Among baseball's most fervent boosters, that's sacrilege.

"How can that be anything but an economic gain and huge psychological gain for Loudoun County?" asked Keith Frederick, chairman of the stadium authority. "That's what economic development is, isn't it, bringing in money and jobs?"

Johns Hopkins University economist Bruce Hamilton sees the cons generally canceling out the pros.

"All you're doing is reshuffling money that would have been spent in the Washington area anyway, probably on an entertainment venue," Hamilton said. "Basically, the only thing a baseball stadium can do is redistribute the revenues from bowling alleys to baseball games, and that's a zero sum."

In a meeting Tuesday, Virginia's baseball boosters continued to try to convince representatives of Major League Baseball that all the Loudoun, state and other revenue they say they have lined up would not only cover construction but also pour huge sums into the pockets of the Montreal Expos' new owners.

They also touted a series of what they said were good alternatives to using Virginia's moral obligation to finance much of the ballpark, given the continuing concerns of Gov. Mark R. Warner (D) and key legislators.

Among the possibilities: replacing bonds with loans or other private financing, or using public institutions, such as a local industrial development authority.

The enthusiastic tax breaks envisioned in Loudoun come in sharp contrast to the denunciations Loudoun's Republican supervisors directed toward health researchers at the nonprofit Howard Hughes Medical Institute this year for tax breaks on their major science facility, demonstrating how the aura of baseball can alter political calculations.

Tulloch, who as leader of the GOP majority on the county board has led the baseball talks, said it is premature to comment on some of the specifics of Loudoun's tax plans for the stadium because league officials are still picking them over to choose their preferred package.
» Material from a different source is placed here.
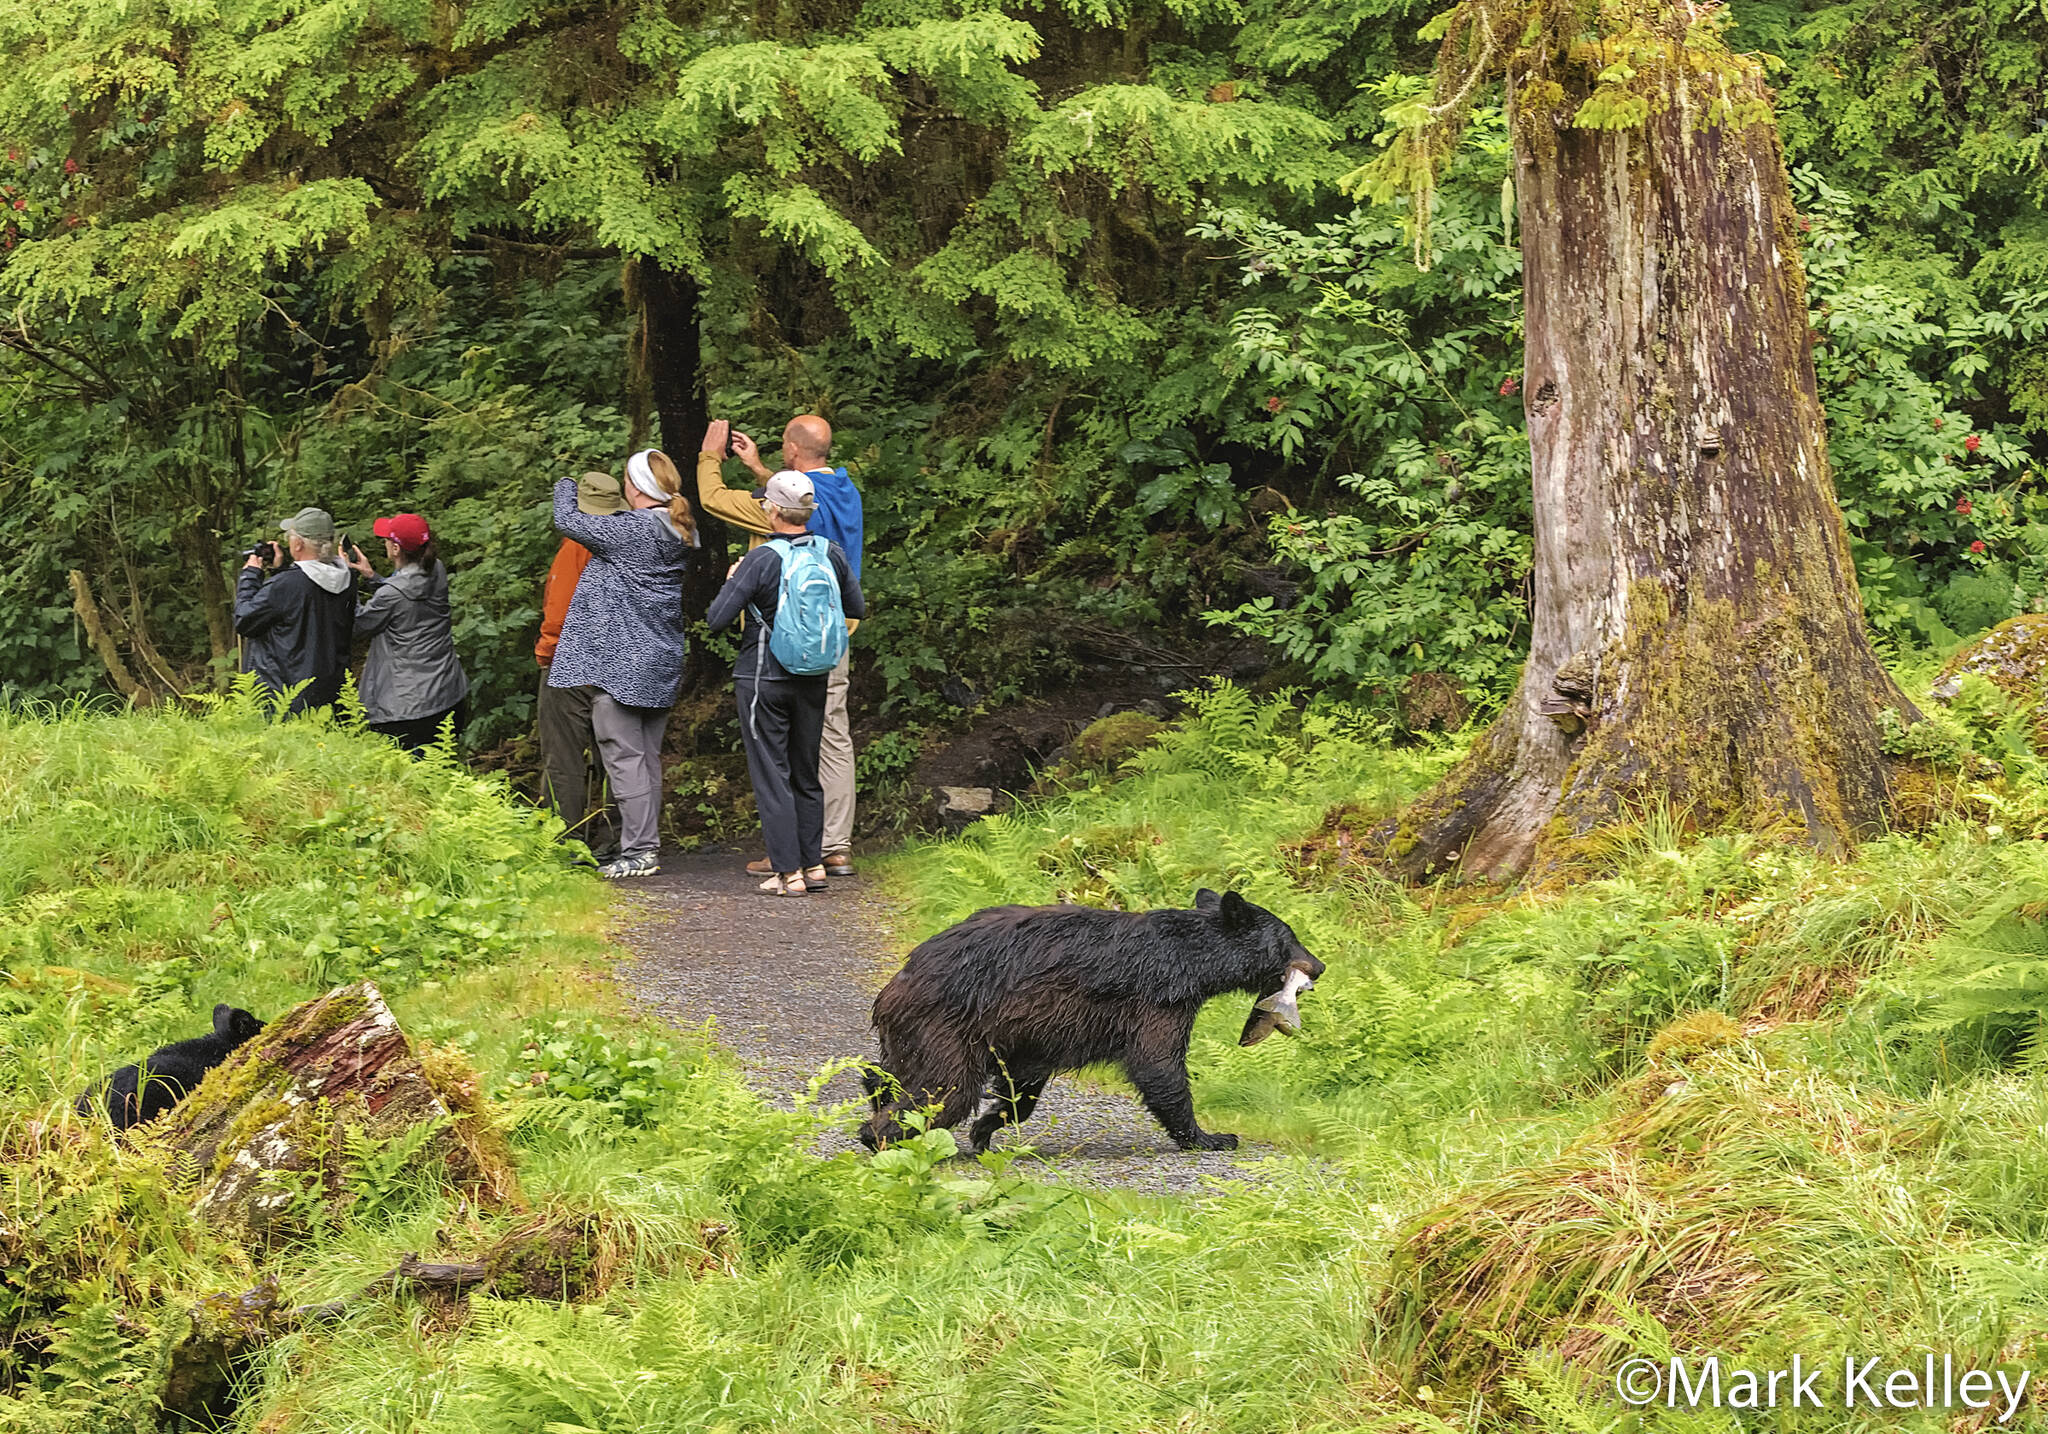 This photo was one of the 10 photos a part of Juneau-based photographer Mark Kelley’s award-winning portfolio featured in the 2022 National Wildlife Magazine photo contest. The photo depicts black bear carrying a salmon behind the backs of visitors to the Tongass National Forest along Anan Creek. (Courtesy / Mark Kelley)

Tulloch declined to call the 10 percent stadium admissions tax a tax, saying he prefers the term "user's fee."

Tulloch said a Major League Baseball official indicated last week that the county was still being considered, despite the District's marathon meeting with baseball officials on details of a possible Expos move to the city.

According to Fuller, Loudoun's investment would bring hefty dividends. The major league team and the stadium would result in about $2 million in additional revenue for Loudoun County in a typical year, he said. Depending on the size of the proposed adjoining commercial and residential development, Fuller added, those figures could be dramatically increased.

Fuller argued that the stadium could lure the kind of high-quality businesses and development that characterize Loudoun's populous and wealthy neighbor to the east, Fairfax County.

"Loudoun is struggling to find its identity. It wants to grow up like its big brother, and this helps jump-start that," Fuller said.

Burton said he's waiting to see the details before deciding how he would cast his vote, though support for baseball is strong on the board either way.

"I just love baseball, but I don't see an economic benefit to the county," Burton said. "Why would somebody want to move to Loudoun County simply because there's a baseball stadium there, when they could just watch the game at night on cable without dealing with the traffic and the congestion?"